### [Directions for this task]
Where the records below show a line containing "Un blocus le", start copying; end with the line containing "Patio Pergola Deck", and copy it too.

### [Provided material]
== == ==

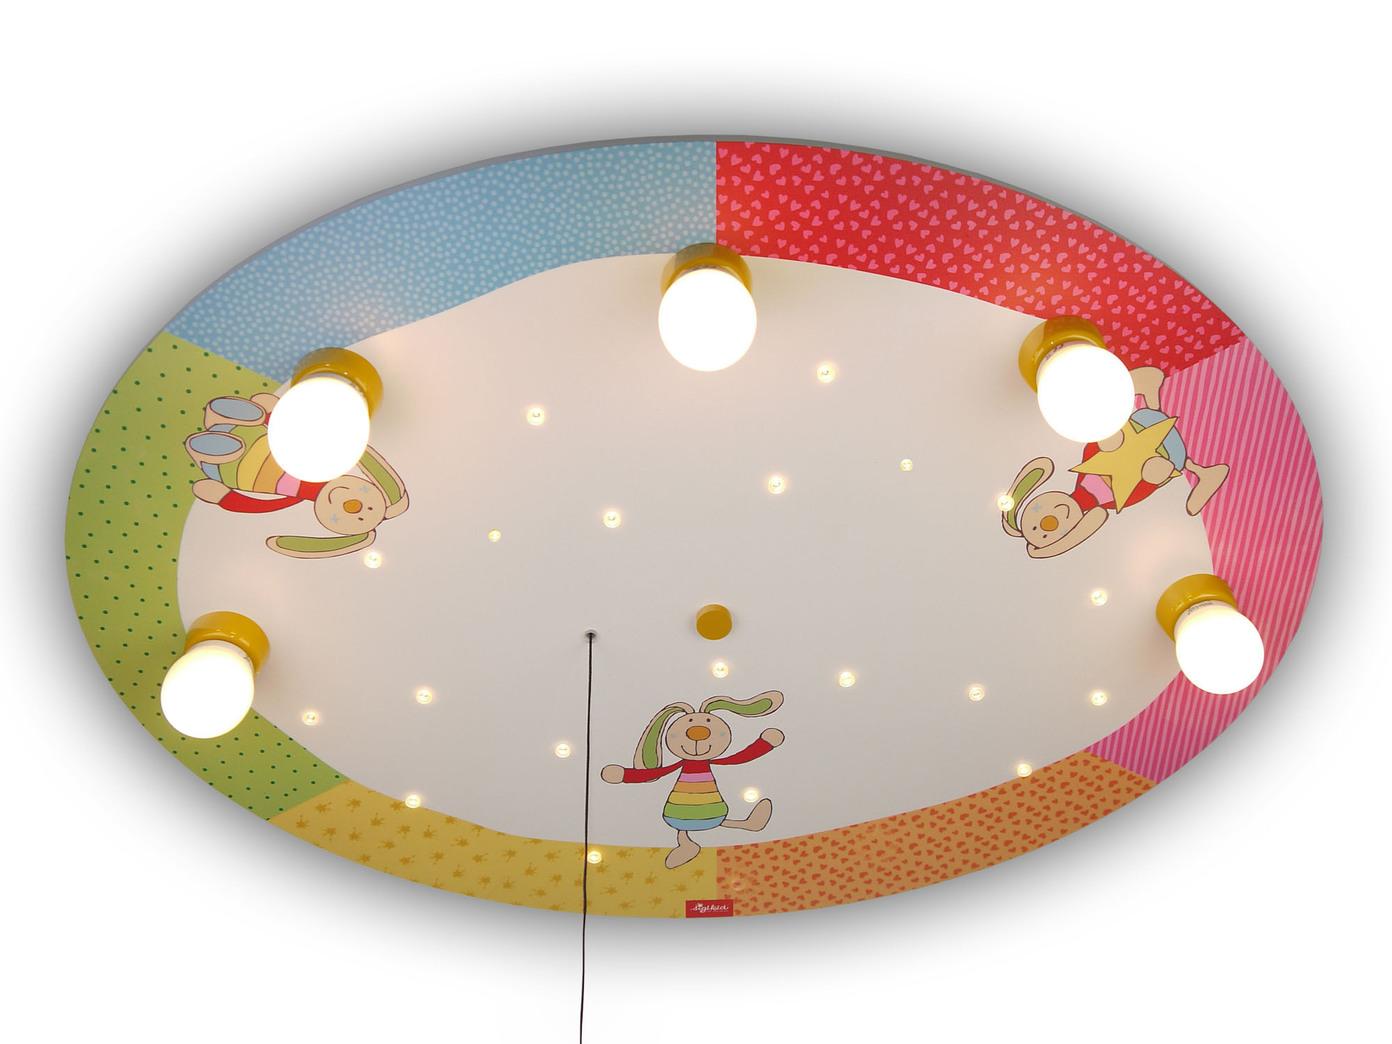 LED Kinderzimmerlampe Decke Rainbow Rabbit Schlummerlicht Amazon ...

== == ==

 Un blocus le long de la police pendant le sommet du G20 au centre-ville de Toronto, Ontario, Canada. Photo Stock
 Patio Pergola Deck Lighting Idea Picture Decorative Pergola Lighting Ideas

== == ==

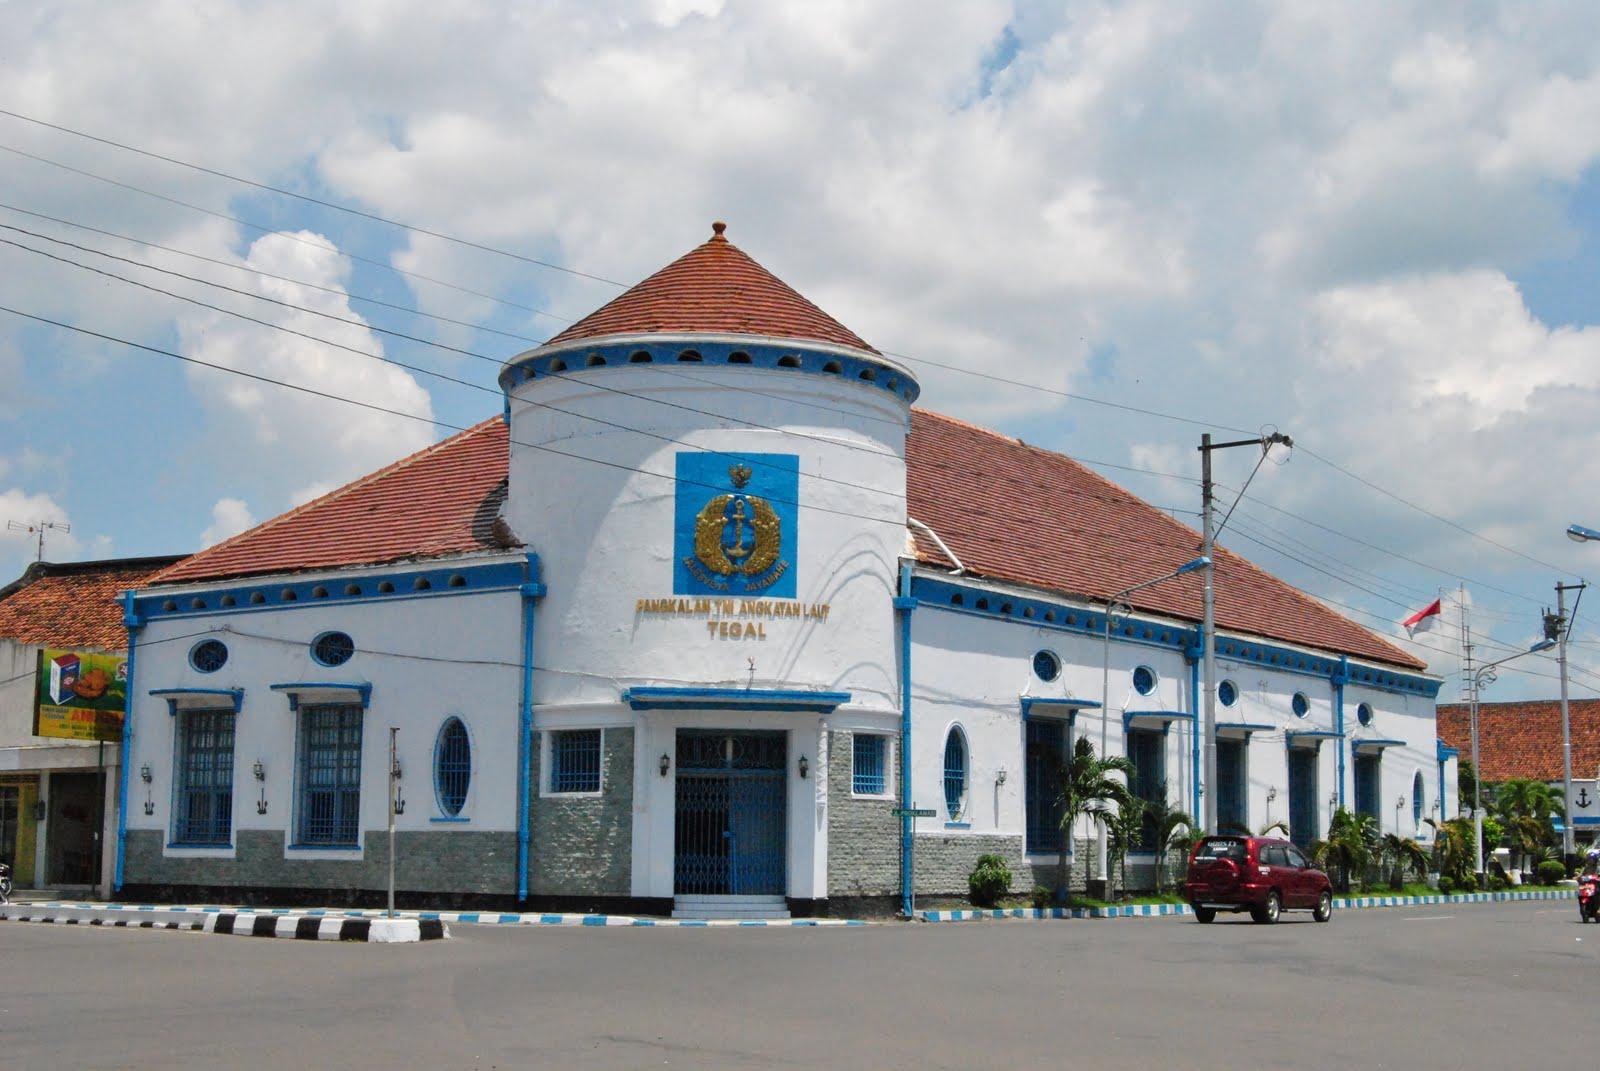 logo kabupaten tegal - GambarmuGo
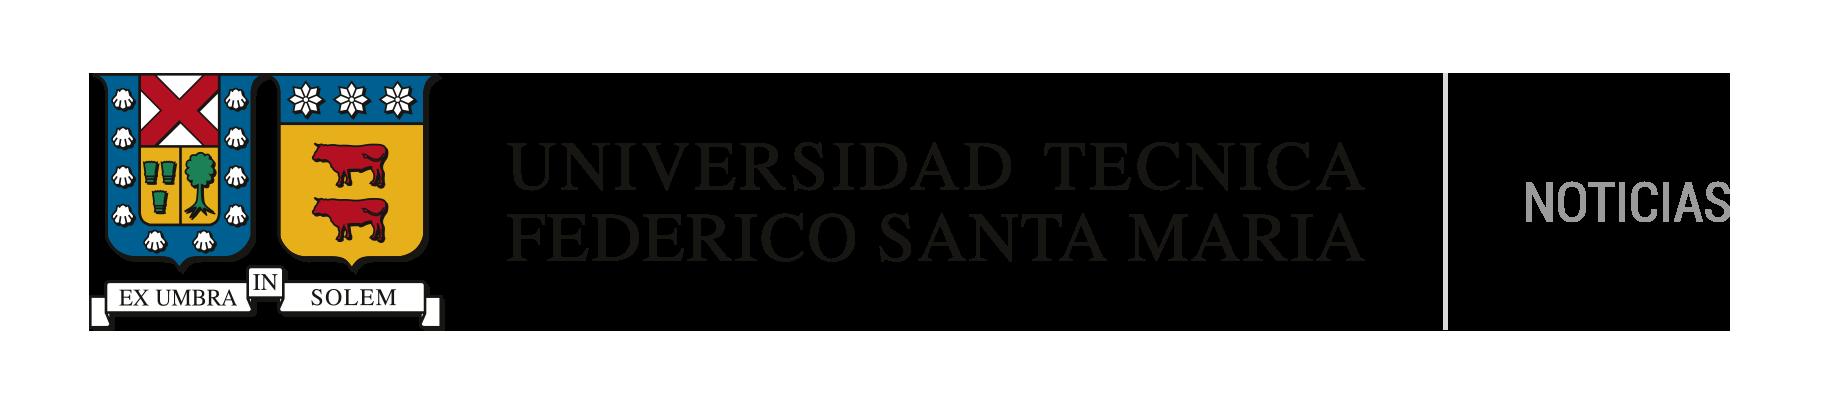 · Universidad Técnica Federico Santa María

== == ==

### [Expected answer]
 Un blocus le long de la police pendant le sommet du G20 au centre-ville de Toronto, Ontario, Canada. Photo Stock
 Patio Pergola Deck Lighting Idea Picture Decorative Pergola Lighting Ideas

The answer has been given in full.